A week ago I wrote about the rec-def Haskell library, which allows you to write more recursive definitions, such as in this small example:

let s1 = RS.insert 23 s2
    s2 = RS.insert 42 s1
in RS.get s1

This will not loop (as it would if you’d just used Data.Set), but rather correctly return the set S.fromList [23,42]. See the previous blog post for more examples and discussion of the user-facing side of this.

For quick reference, these are the types of the functions involved here:

insert :: Ord a => a -> RSet a -> RSet a
get :: RSet a -> Set a

The type of s1 and s2 above is not Set Int, but rather RSet Int, and in this post I’ll explain how RSet works internally.

Propagators, in general

The conceptual model behind an recursive equation like above is

  • There are a multiple cells that can hold values of an underlying type (here Set)
  • These cells have relations that explain how the values in the cells should relate to each other
  • After registering all the relations, some form of solving happens.
  • If the solving succeeds, we can read off the values from the cells, and they should satisfy the registered relation.

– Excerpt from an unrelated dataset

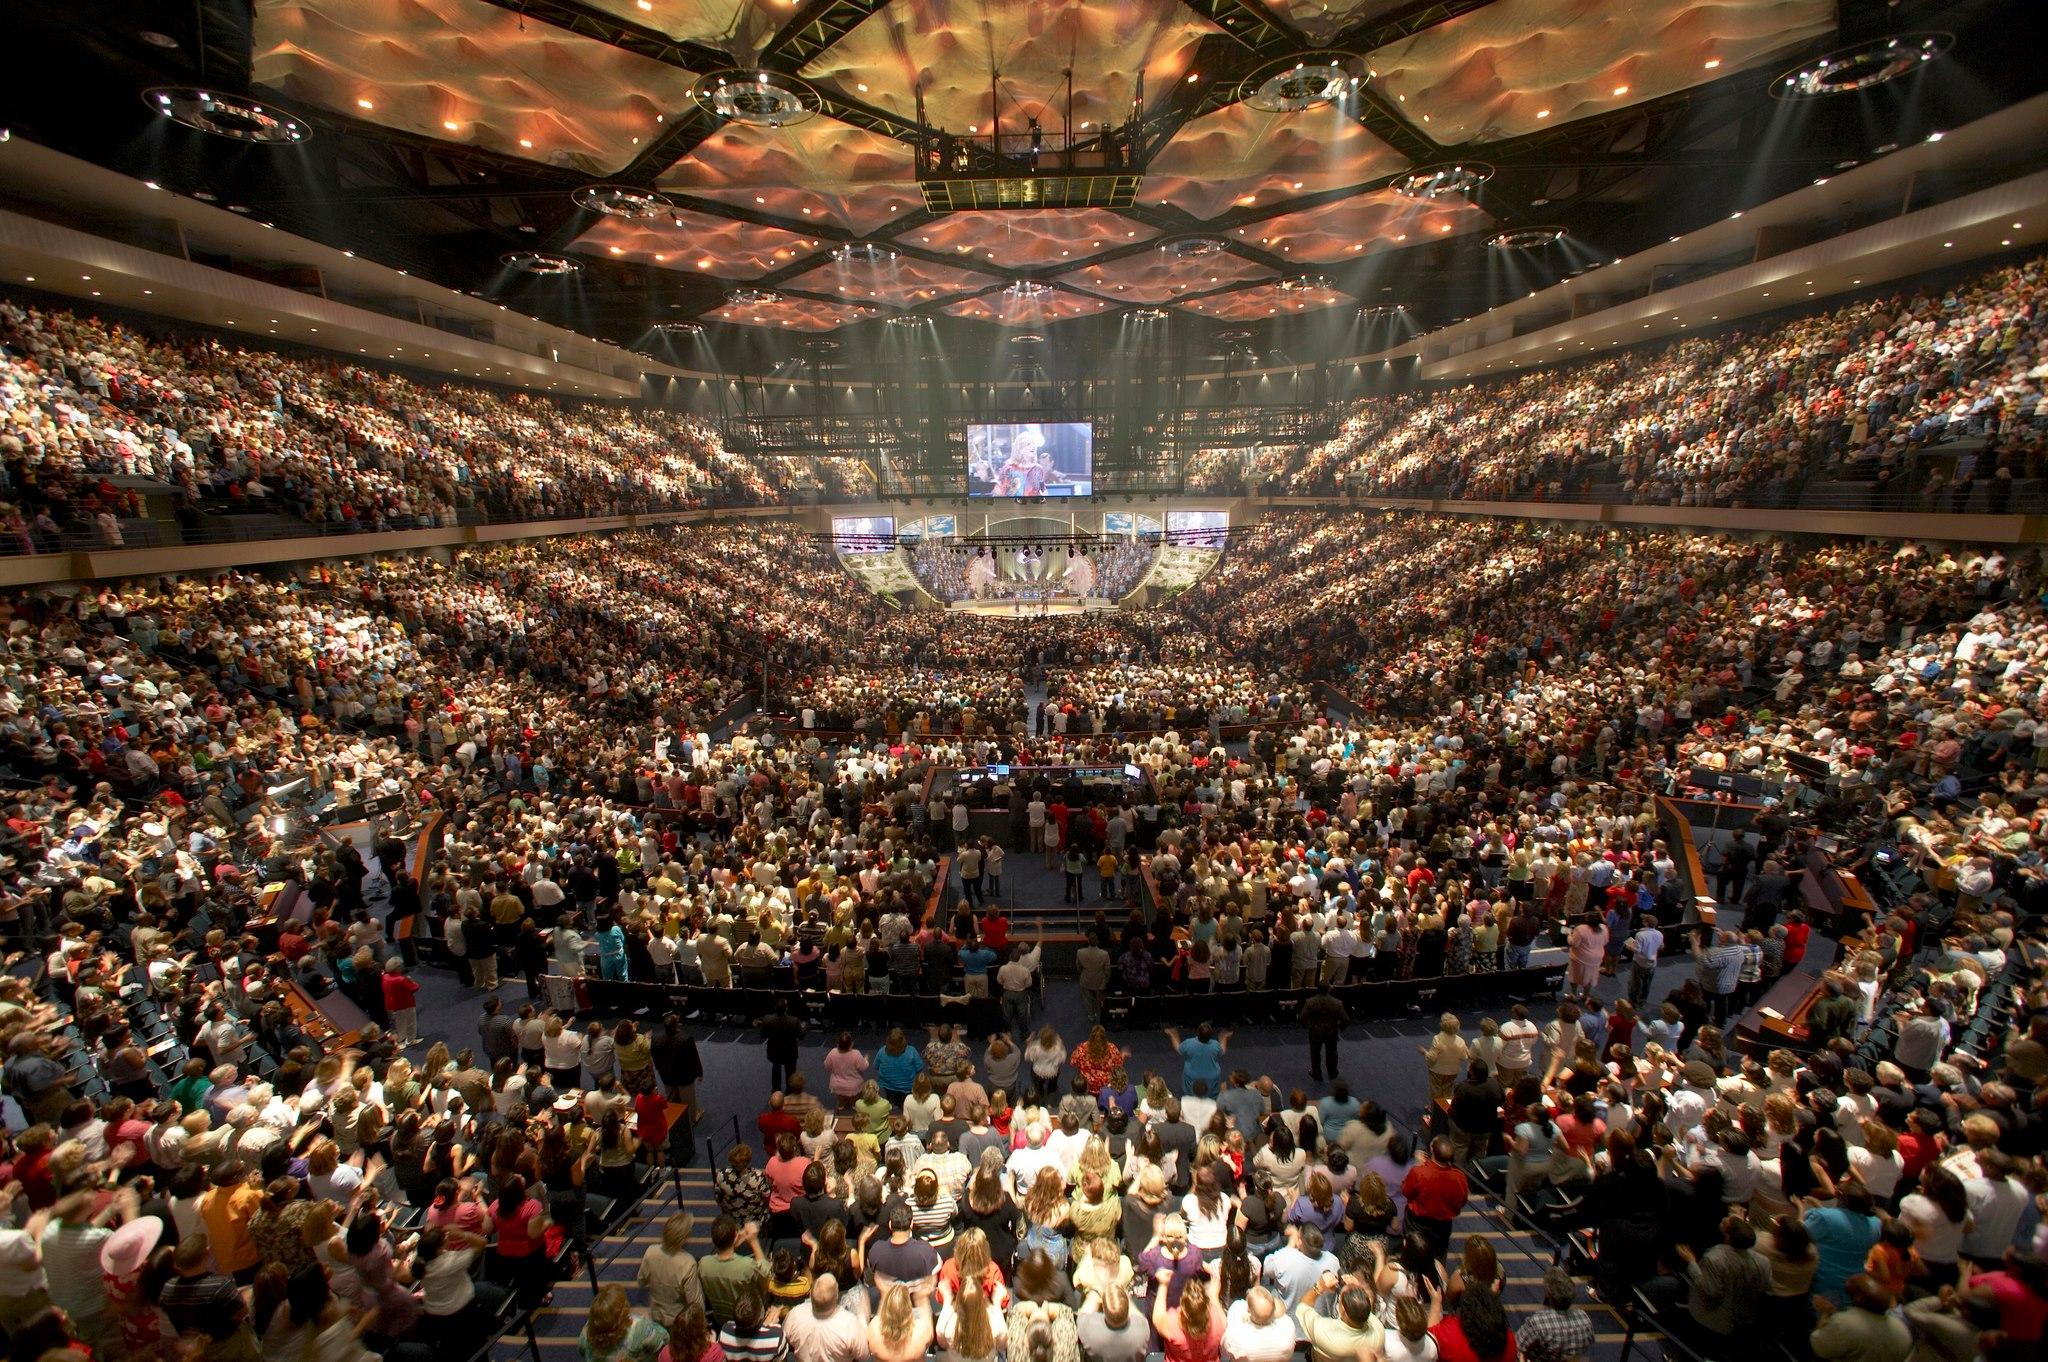 Ceremonia de la Iglesia Lakewood en Houston (USA) en un estadio deportivo con capacidad para 16.000 personas.  Foto: ToBeDaniel

This is sometimes called a propagator network, and is a quite general model that can support different kind of relations (e.g. equalities, inequalities, functions), there can be various solving strategies (iterative fixed-points, algebraic solution, unification, etc.) and information can flow on along the edges (and hyper-edges) possibly in multiple directions.

For our purposes, we only care about propagator networks where all relations are functional, so they have a single output cell that is declared to be a function of multiple (possibly zero) input cells, without affecting these input cells. Furthermore, every cell is the output of exactly one such relation.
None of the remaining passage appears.